Hi
I am experimenting with Multi Instance GPU (MIG) mode.
MIG allows the GPU to be partitioned into multiple seperate GPUs.
I have experimented with pytorch and TensorRT models,
these models work fine in both MIG and non MIG mode.
I am facing issue when I try to use ONNX models with ONNXRuntime in MIG mode.
Exactly same model and codebase which works fine in Non MIG mode,
Shows issues if I run in MIG mode.
Relevant Area: Multi Instance GPU, ONNX, ONNXRuntime
Description
BERT Base model from onnxruntime git.
Test Script: onnxruntime/run_benchmark.sh at main · microsoft/onnxruntime · GitHub
BERT base ONNX model, runs w/o any issues on a non MIG GPU.

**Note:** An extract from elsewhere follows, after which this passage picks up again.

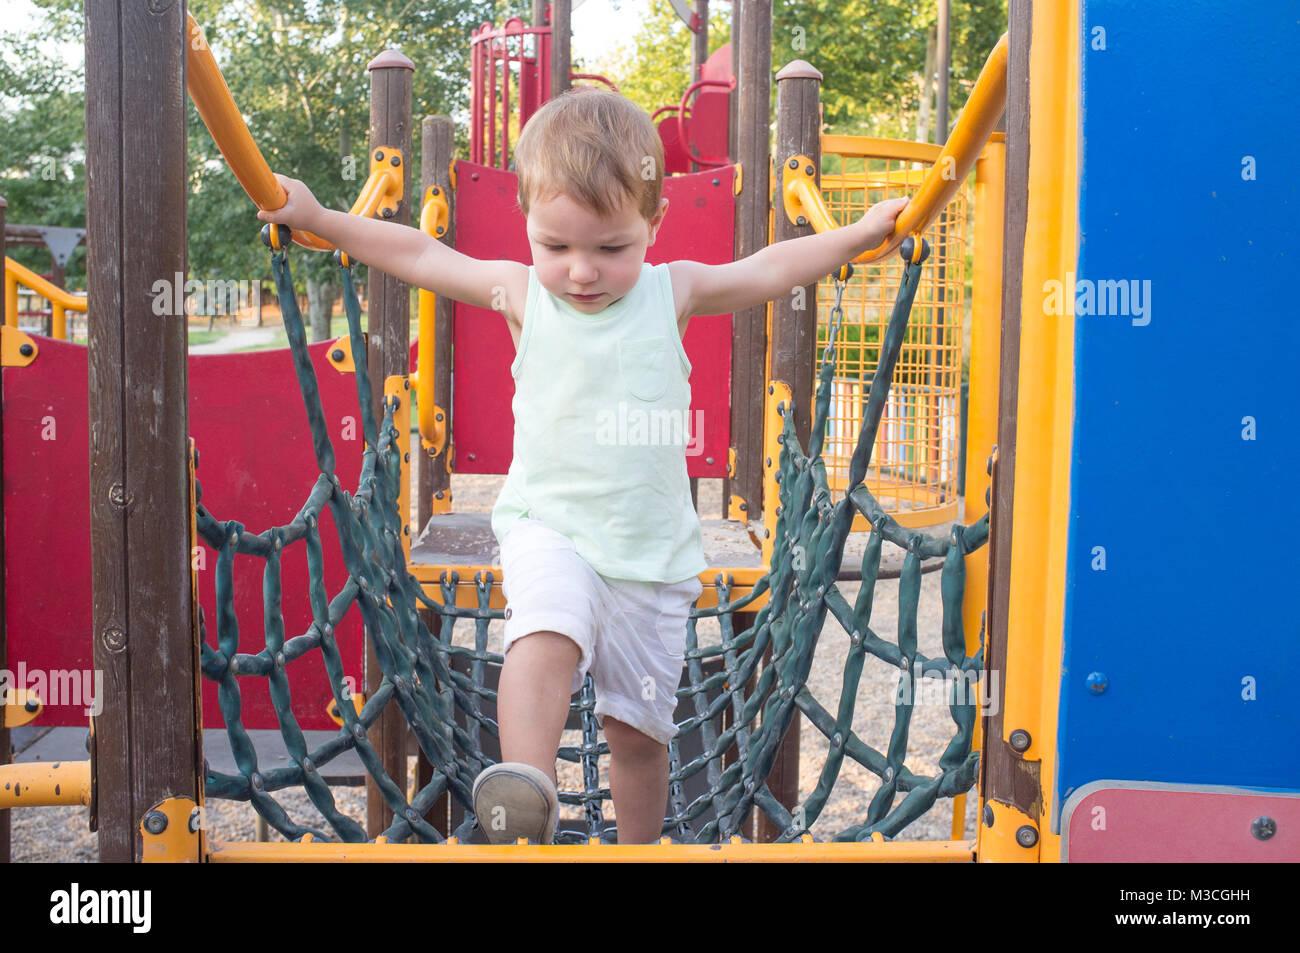 Toddler boy walking on blue net bridge. Equipment on a playground - Stock Image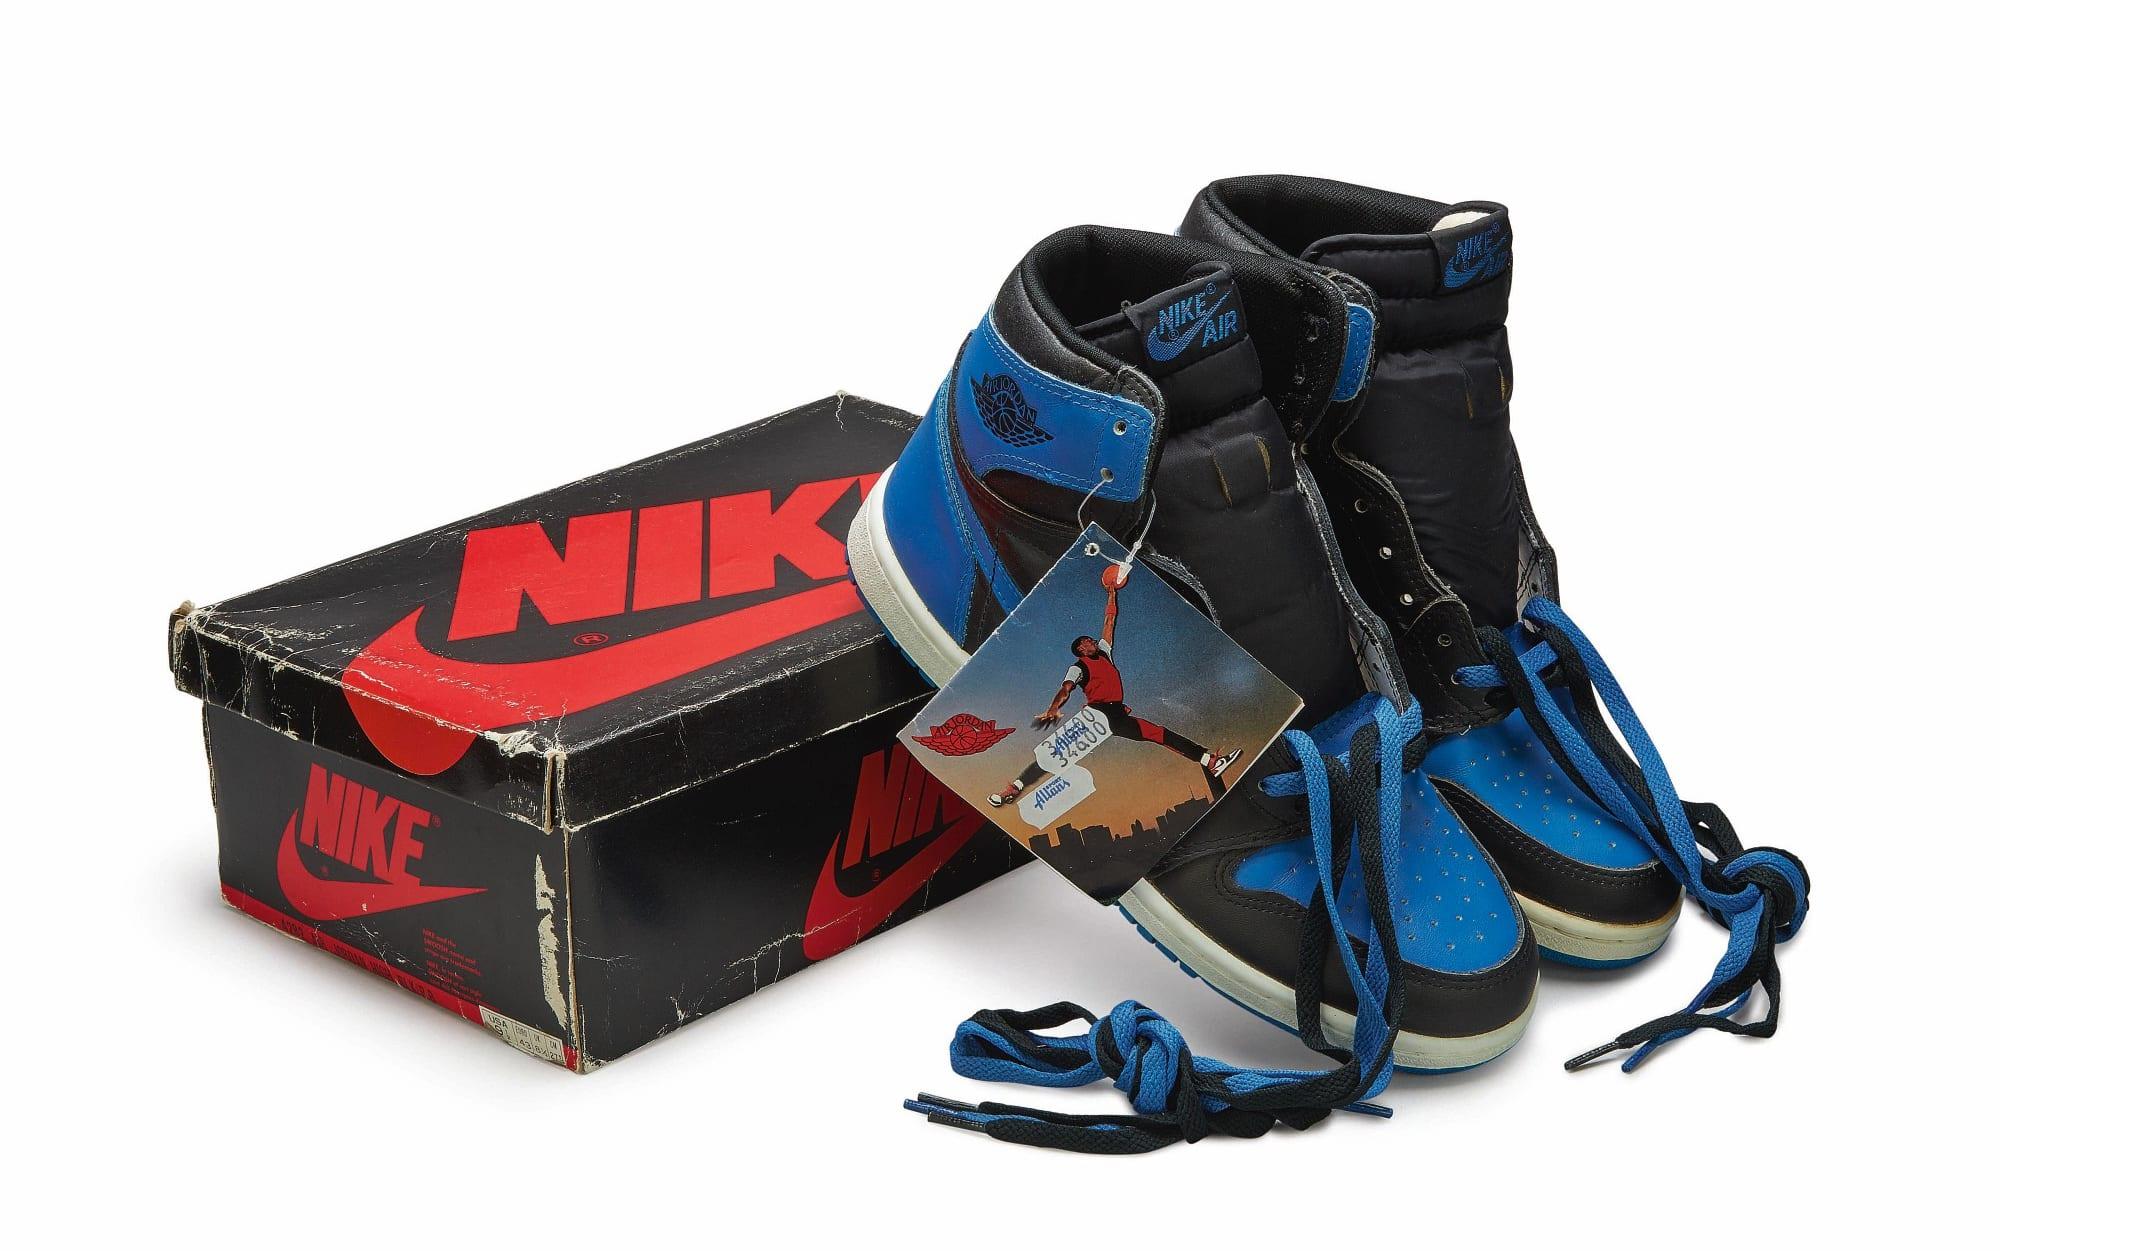 Nike Air Jordan 1 High OG (1985) 'Royal', Foto: Sotheby's

Same Codebase and Model on MIG GPU runs into following issue:
packages/onnxruntime/capi/onnxruntime_inference_collection.py", line 456, in bind_input
self._iobinding.bind_input(
RuntimeError: Error when binding input: There’s no data transfer registered for copying tensors from Device:[DeviceType:1 MemoryType:0 DeviceId:0] to Device:[DeviceType:0 MemoryType:0 DeviceId:0]No any result avaiable.
Environment:
NVIDIA GPU: A100 40 GB
NVIDIA Software Version :
NVIDIA-SMI 470.82.01
Driver Version: 470.82.01
CUDA Version: 11.4
OS : Linux 18.04.1-Ubuntu SMP x86_64 GNU/Linux
Other Details :
torch:1.7.0+cu110
onnx:1.10.2
onnxruntime:1.10.0
transformers:3.0.2
numpy:1.19.5